How can I optimize the Sieve of Eratosthenes in Python for larger limits?

Sieve of Eratosthenes - Finding Primes in Python

I’m working on a math application and decided to use the Sieve of Eratosthenes Python approach to find prime numbers. However, my initial implementation is running very slowly, especially when trying to find all primes less than 2 million—it takes over 20 minutes, and I had to stop it.

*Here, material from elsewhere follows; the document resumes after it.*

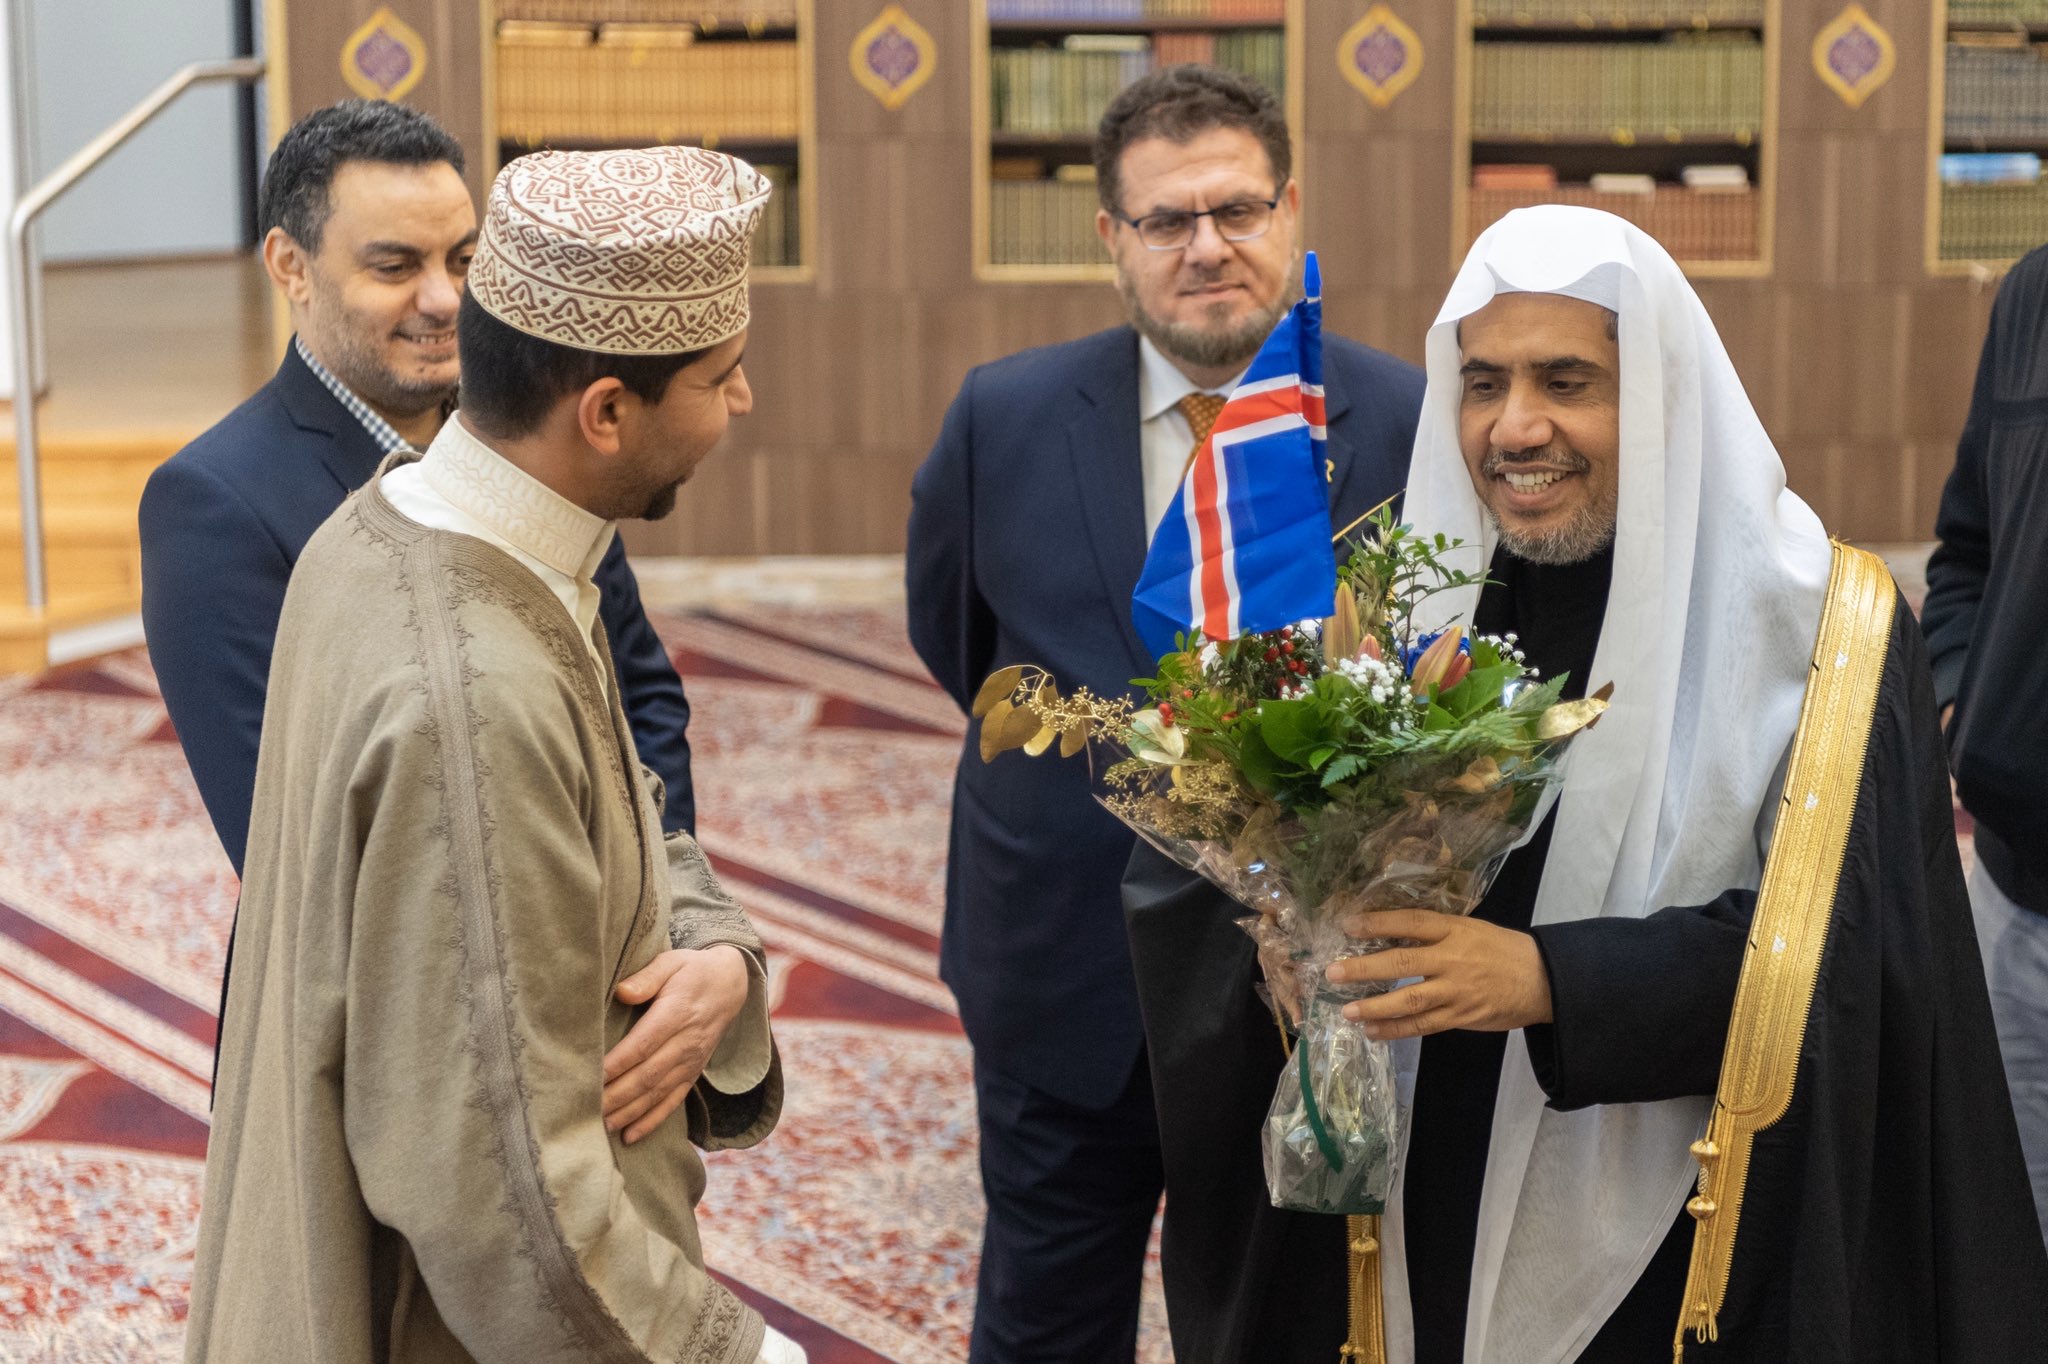 Les responsables de la grande mosquée d’Islande à Reykjavik reçoivent le D.Mohammad Alissa où il a eu une présentation de ses activités suivi d’un dialogue ouvert sur l’importance l’intégration positive.

Here’s my original implementation:

def primes_sieve(limit):
    limitn = limit+1
    primes = range(2, limitn)

    for i in primes:
        factors = range(i, limitn, i)
        for f in factors[1:]:
            if f in primes:
                primes.remove(f)
    return primes

print(primes_sieve(2000))

Update:

I profiled the code and realized a significant amount of time is spent on removing elements from the list, which involves traversing and adjusting the list each time. So, I switched to using a dictionary instead of a list to speed up the process. Here’s my updated implementation:

def primes_sieve1(limit):
    limitn = limit+1
    primes = dict()
    for i in range(2, limitn): primes[i] = True

    for i in primes:
        factors = range(i, limitn, i)
        for f in factors[1:]:
            primes[f] = False
    return [i for i in primes if primes[i]==True]

print(primes_sieve1(2000000))

How can I further optimize this implementation to find primes faster for larger limits?

So, I’ve worked with optimizing the sieve of Eratosthenes Python implementation for a while. One of the easiest ways to improve it for larger limits is by switching from a dictionary to a boolean array. It’s a straightforward change, but it really reduces memory usage and boosts performance. Here’s a basic example that works well for large limits:

def primes_sieve_optimized(limit):
    sieve = [True] * (limit + 1)
    sieve[0] = sieve[1] = False  # 0 and 1 are not prime numbers

    for i in range(2, int(limit**0.5) + 1):
        if sieve[i]:
            for j in range(i * i, limit + 1, i):
                sieve[j] = False

    return [i for i, is_prime in enumerate(sieve) if is_prime]

print(primes_sieve_optimized(2000000))

This version is much faster, especially since it avoids unnecessary list operations and sticks to a simple boolean array, which helps a lot in terms of space and time efficiency.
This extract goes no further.